Now let's quickly explore the new data set, and confirm that the number of rows is 9,659.

In [10]:
explore_data(android_clean, 0, 3, True)

['Photo Editor & Candy Camera & Grid & ScrapBook', 'ART_AND_DESIGN', '4.1', '159', '19M', '10,000+', 'Free', '0', 'Everyone', 'Art & Design', 'January 7, 2018', '1.0.0', '4.0.3 and up']


['U Launcher Lite – FREE Live Cool Themes, Hide Apps', 'ART_AND_DESIGN', '4.7', '87510', '8.7M', '5,000,000+', 'Free', '0', 'Everyone', 'Art & Design', 'August 1, 2018', '1.2.4', '4.0.3 and up']
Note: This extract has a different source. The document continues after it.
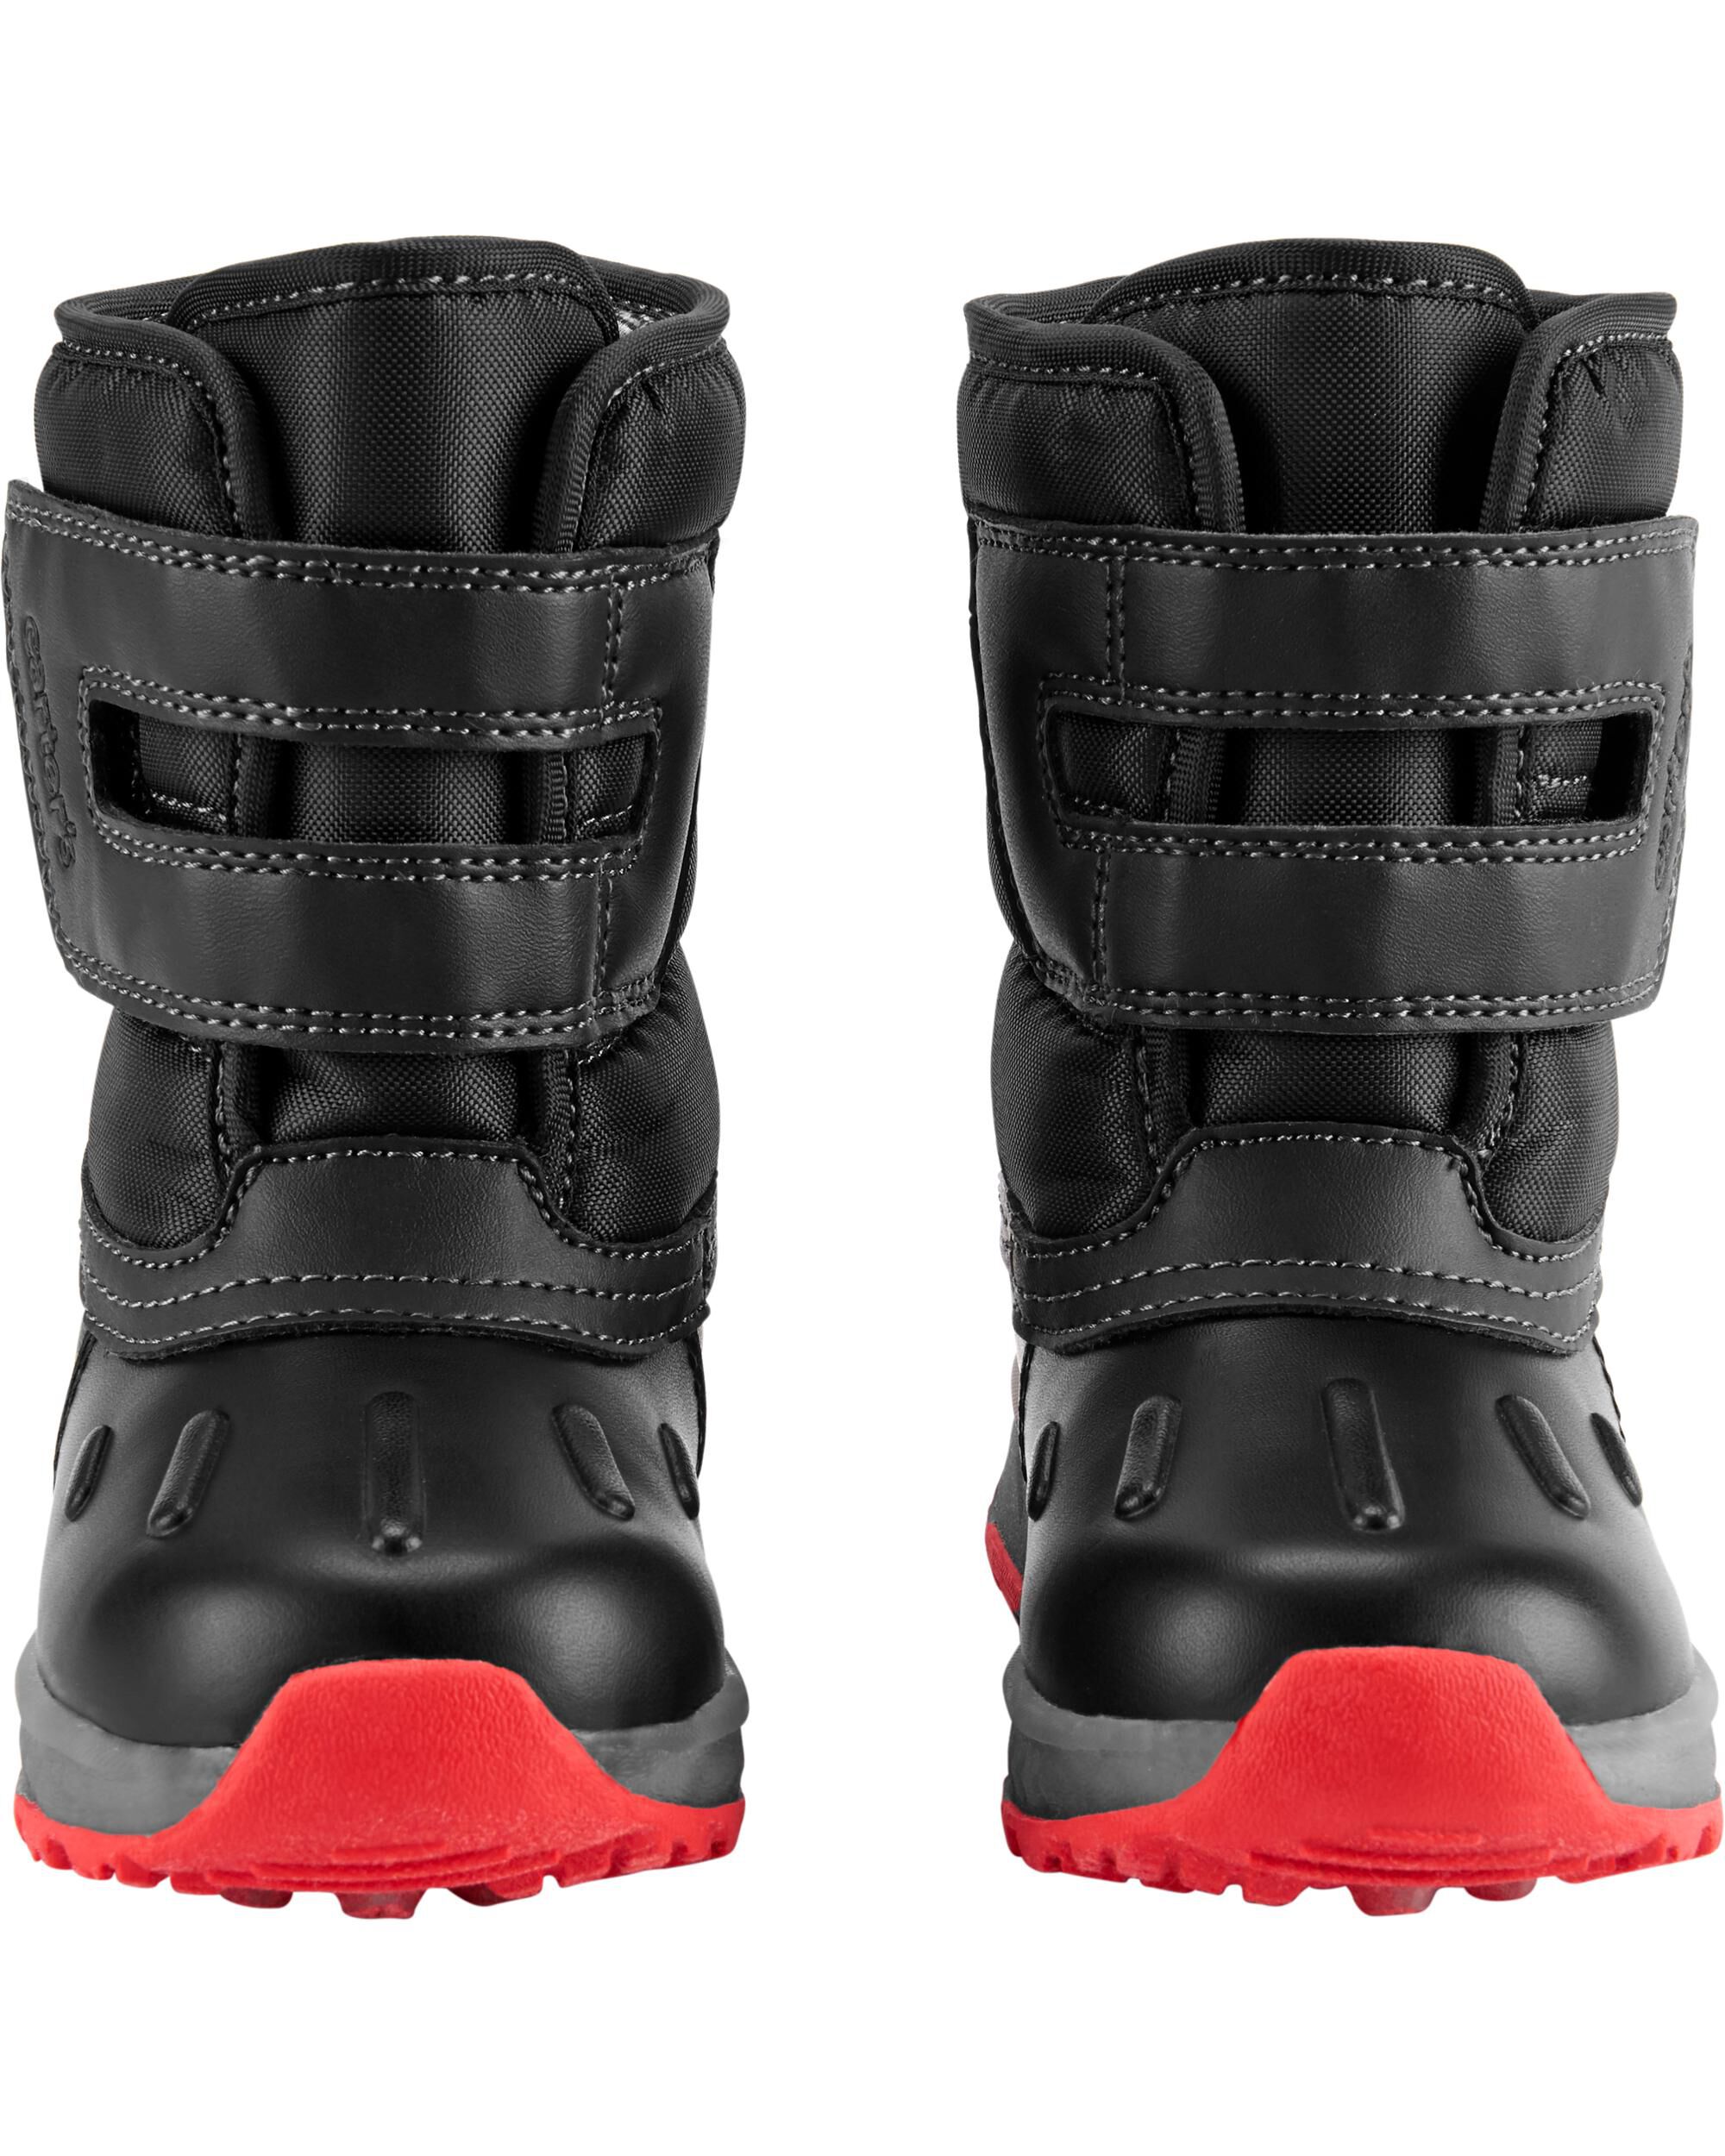 4t snow boots

['Sketch - Draw & Paint', 'ART_AND_DESIGN', '4.5', '215644', '25M', '50,000,000+', 'Free', '0', 'Teen', 'Art & Design', 'June 8, 2018', 'Varies with device', '4.2 and up']


Number of rows: 9659
Number of columns: 13


We have 9659 rows, just as expected.

## Removing Non-English Apps

### Part One

If we explore the data long enough, we'll find that both datasets have apps with names that suggest they are not designed for an English-speaking audience.

In [11]:
print(ios_apps[813][1])
print(ios_apps[6731][1])
print('\n')
print(android_clean[4412][0])
print(android_clean[7940][0])

爱奇艺PPS -《欢乐颂2》电视剧热播
【脱出ゲーム】絶対に最後までプレイしないで 〜謎解き＆ブロックパズル〜


中国語 AQリスニング
لعبة تقدر تربح DZ


We're not interested in keeping these apps, so we'll remove them. One way to do this is to remove each app with a name containing a symbol that isn't commonly used in English text — English text usually includes letters from the English alphabet, numbers composed of digits from 0 to 9, punctuation marks (., !, ?, ;), and other symbols (+, *, /).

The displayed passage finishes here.